Task input:
════════════════
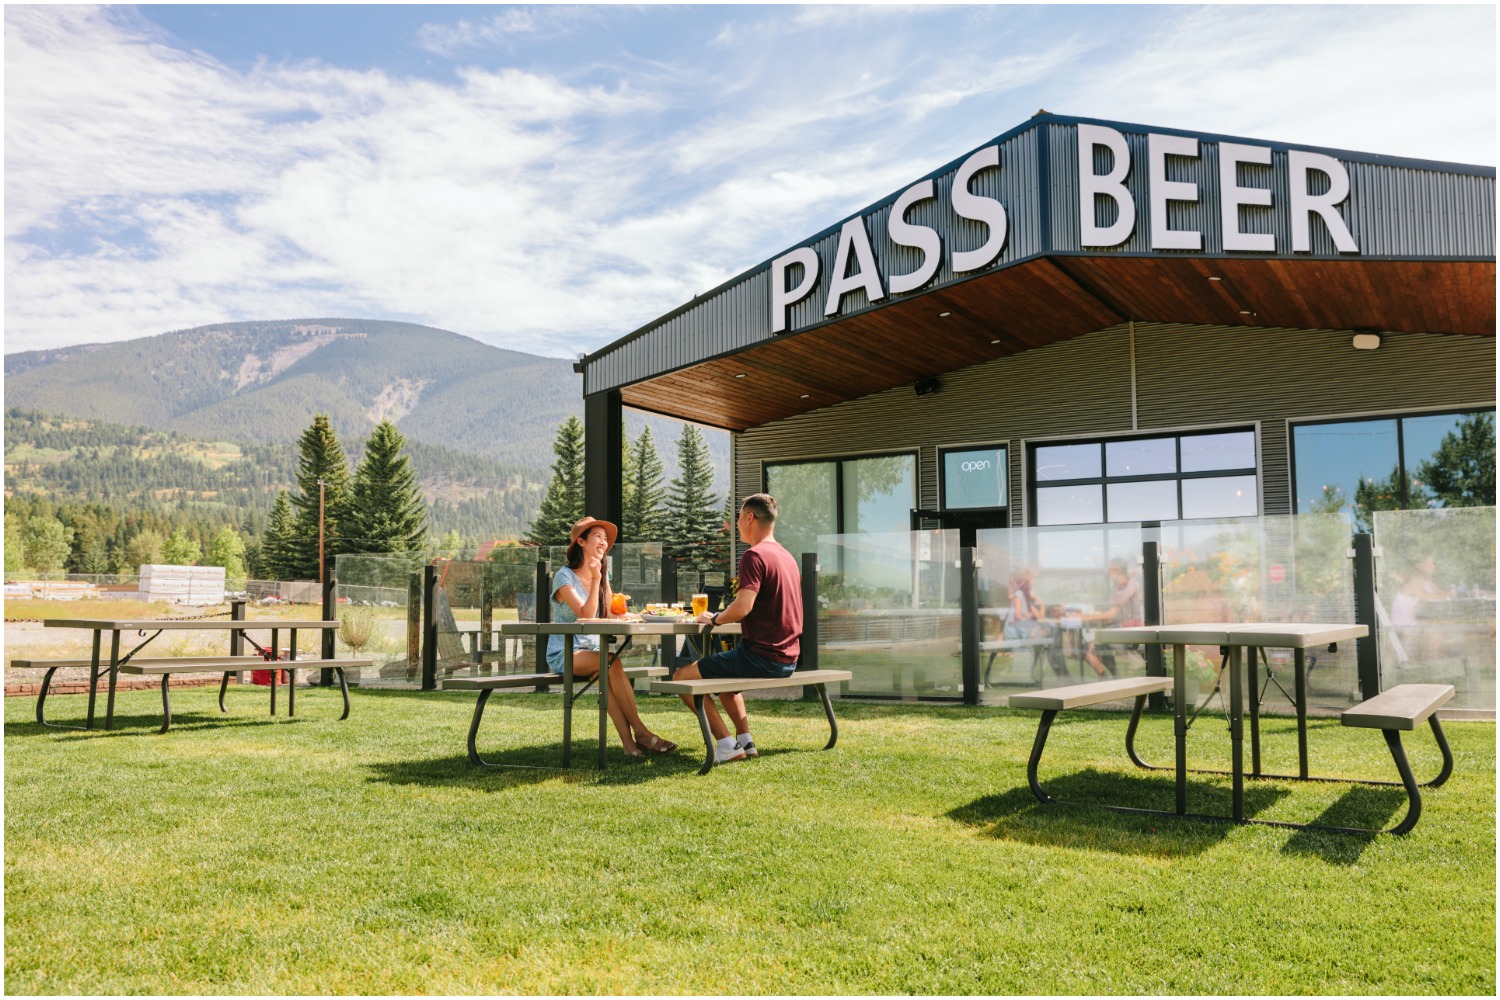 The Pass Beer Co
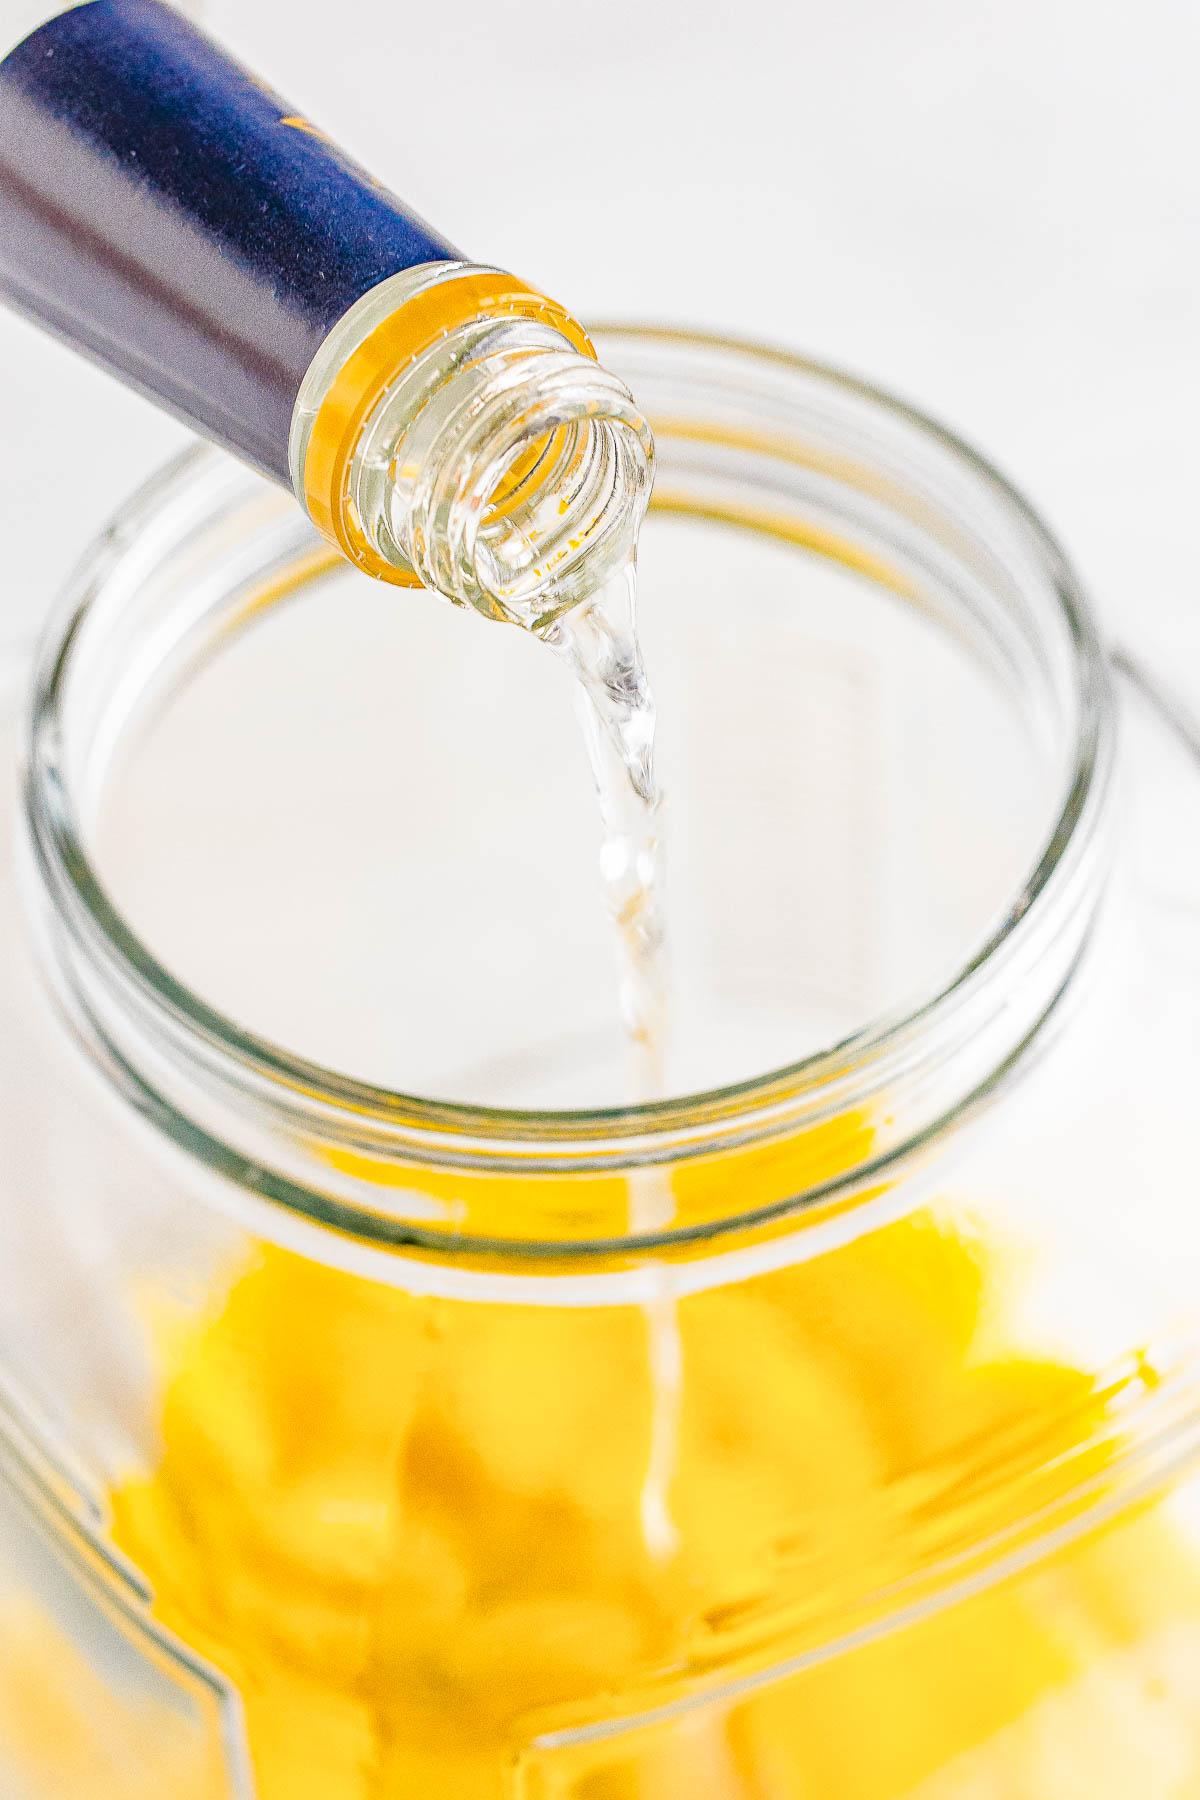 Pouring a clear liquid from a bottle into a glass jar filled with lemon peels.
════════════════
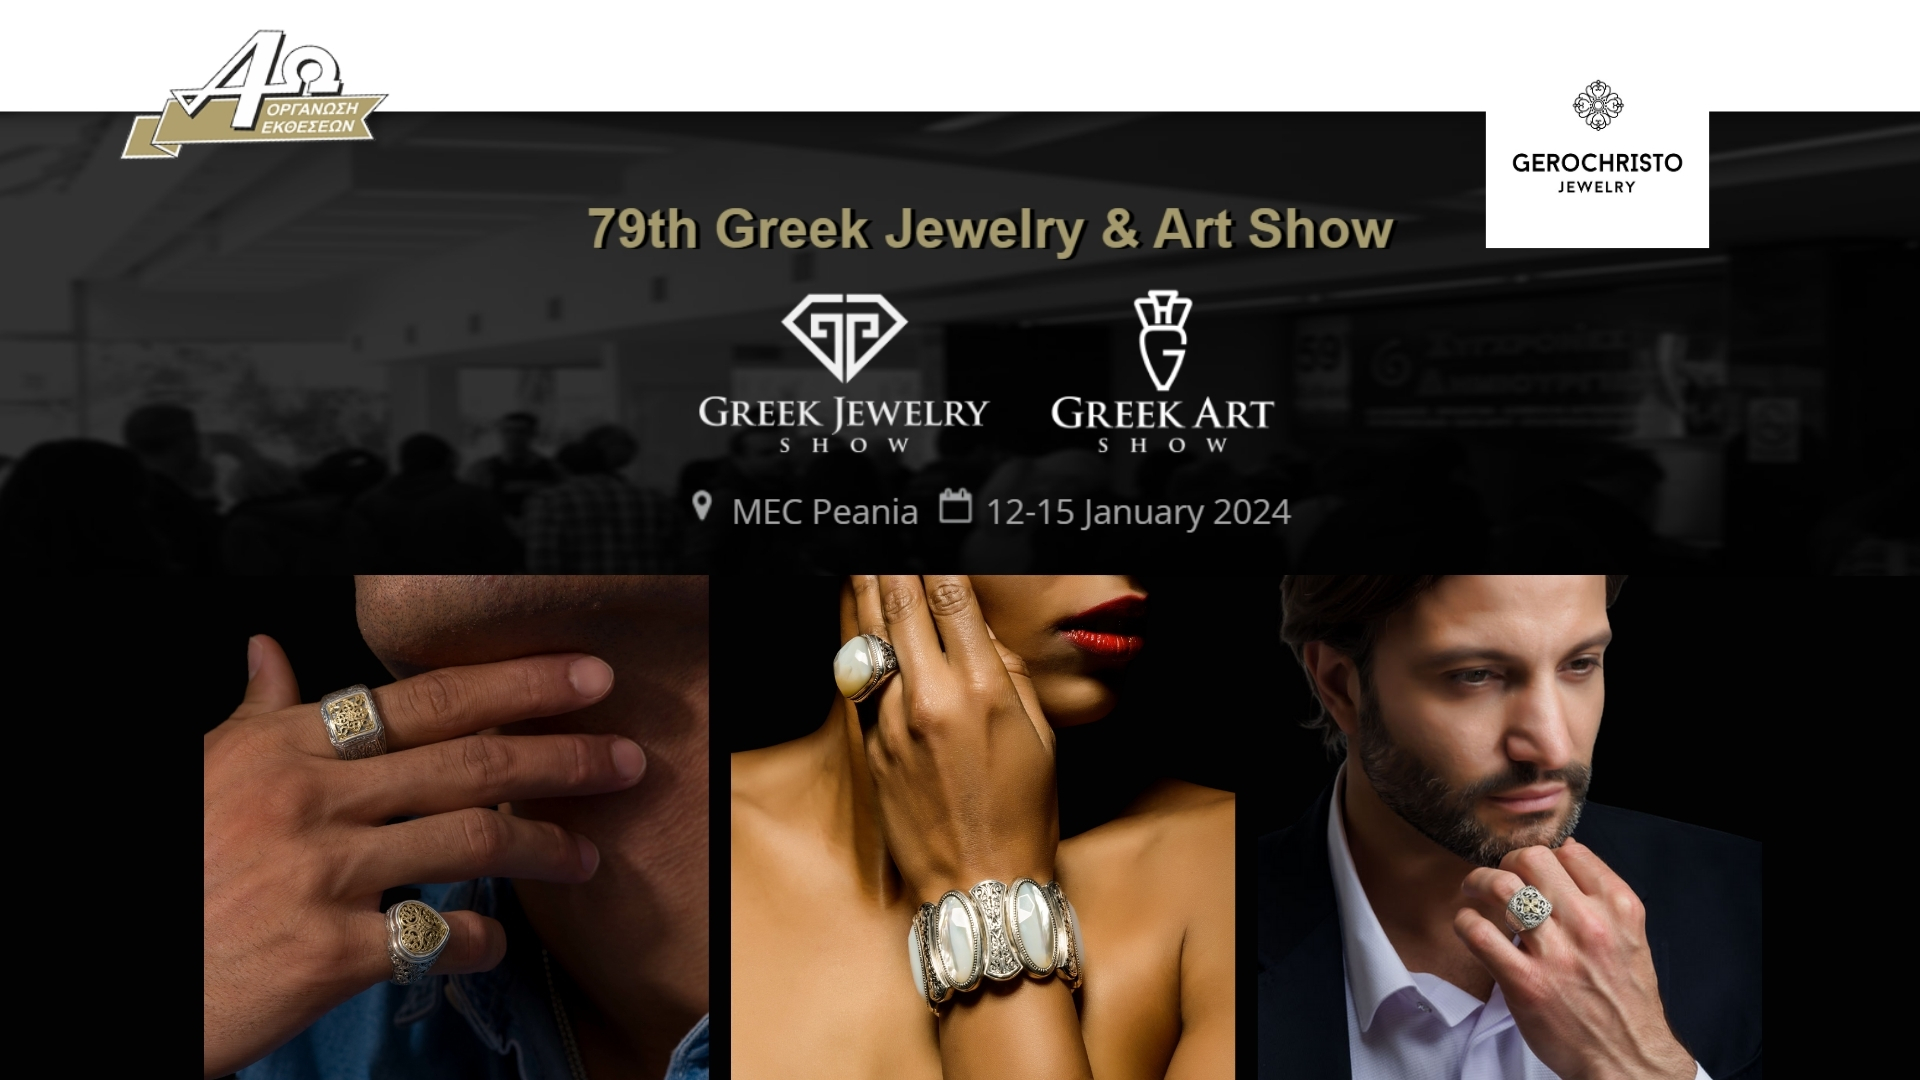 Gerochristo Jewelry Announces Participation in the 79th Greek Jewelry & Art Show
════════════════
Prompt: I'd like the lines above repeated exactly, from the one that contains "The Pass Beer Co" through the one that contains "Pouring a clear", with no pictures.

Output for this task:
 The Pass Beer Co
 Pouring a clear liquid from a bottle into a glass jar filled with lemon peels.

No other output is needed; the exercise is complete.